NEW YORK ( TheStreet) -- For a market not expected to do much before the election, it's hard to deny we are in a bull market. The S&P 500 ETF ( SPY) chart is trending higher with the widely followed moving averages all pointing north.While many market pundits were busy building a wall of worry, others were busy making money. It's hard to say what the SPY and the overall market will do in front of the election, but even with the market giving back gains, many in the banking sector already have low growth priced in. Banking suffers from future unknowns. Wall Street hates problems without a clear and convincing level of risk exposure. The problems with housing and high unemployment appear to have no end in sight. Nothing out of Congress or the White House suggests a change anytime soon either. The Libor rate-fixing scandals could snapback and create exposures that may not appear on the radar for any given U.S. bank at this time. Considering the fact that the big U.S. banks are really big global banks means earnings may take hits for some time. Currently, we know Bank of America ( BAC), Citigroup ( C), and JPMorgan Chase ( JPM) possibly face exposure based on lawsuits that have been filed against them. Because the banks have many of the problems built into the price, if the storm clouds do pass more quickly than expected (and they will pass at some point, they always do), the payoff could be huge. Banking offers the classic "heads I win, tails I break even" that investors search for. It's far from a sure thing, but when the odds are in your favor you want to exploit it for what you can. In order to mitigate your risk exposure, take a look at writing covered calls. Writing covered calls will lower your total risk per share, pay you for each passing day as a result of time decay and increase the odds you will make money. The downside is you risk getting left behind if your stock really takes off higher. This article isn't about hitting home runs, and more for those that want to bring home solid and consistent results. I selected November as my primary expiration month because the expiration date is after the election and gives time for the market to digest the results. Some banks are better than others so let's take a look and see what we find.

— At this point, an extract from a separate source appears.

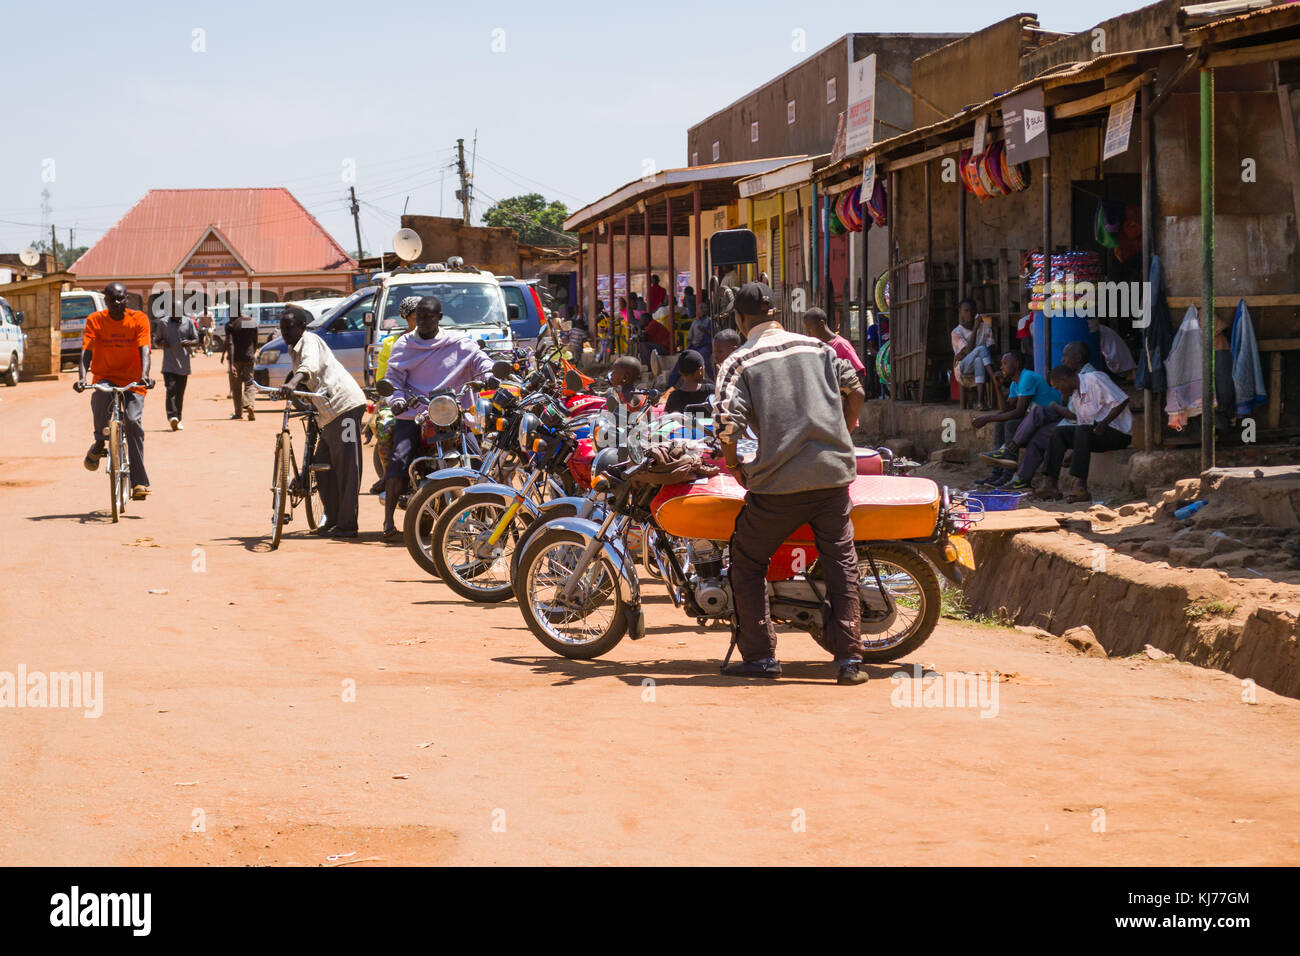 Varios boda boda mototaxis alinearon estacionado en una carretera polvorienta con personas caminando en una ciudad, Busia, Uganda, África Oriental Foto de stock

Wells Fargo has a bullish technical chart pattern based on the 60- and 200-day moving averages, both averages are steadily climbing a wall of worry to higher profits. Trend followers love this pattern and will hold a position until a technical break results in a signal to exit. Wells Fargo is attractive fundamentally also. The trailing 12 month price-to-earnings ratio is 11.3, and analysts estimate $3.32 per share in earnings this year. The company currently pays 88 cents per share in dividends for a yield of 2.58%. Wells Fargo doesn't pay the highest dividend yield in this group, but if you're willing to forego a small amount of yield for safety, Well Fargo offers a compelling argument in this space. Short sellers are next to impossible to find. Short interest is so low I only include it to demonstrate the smart money is not betting against this company: 0.8% of the float is short based on the last reported numbers.
Bank of America ( BAC) "Bank" is often one of the top 10 most actively traded stocks. Traders love trying to squeeze pennies out of it every day. Some are better than others, but that doesn't change the longer term moves investors can expect. The high activity rate for Bank results in investors having the ability to enter or exit from pre-market to the closing of the aftermarket session with almost zero slippage. I believe high activity lowers the transaction costs for everyone. Book Value: $21.90 The price-to-earnings multiple demonstrates Wall Street doesn't believe Bank will grow earnings soon, but simultaneously, investors don't need growth to profit handsomely with shares as cheap as they are. On a positive note, the average one-year price target is $9.63 and short interest is very small at 2.1%. The 60-day moving average is bullishly above the 200-day moving average. After testing the 200-day moving average support level several times this summer, BAC appears poised to continue moving higher. The company currently pays a paltry 4 cents per share dividend for a yield of .5%. Absent an increase in dividends, don't expect to make a lot from the yield, but we don't need to in order to make bank with Bank. The November $8 strike calls can be bought for about 53 cents, and $9 strike calls can be sold for about 19 cents. The options are priced relatively cheap considering the moves the stock has had recently. This makes a debit spread more attractive than a covered call in my opinion. This type of option spread has an even lower risk than a covered call, while also lowering the time decay. With a current stock price of $8, the maximum possible return is 66 cents for a gain of 90% in less than 80 days. Bank will need to increase to $8.34 to breakeven by the expiration date, and the maximum risk is 34 cents per share. If Bank is trading above $9 per share at expiration, you lose out on everything above $9 per share, but a 90% gain will aid in your comfort. Aside from the 34 cents per share risk, the next biggest downside to this strategy is Bank does have to move higher just to break even.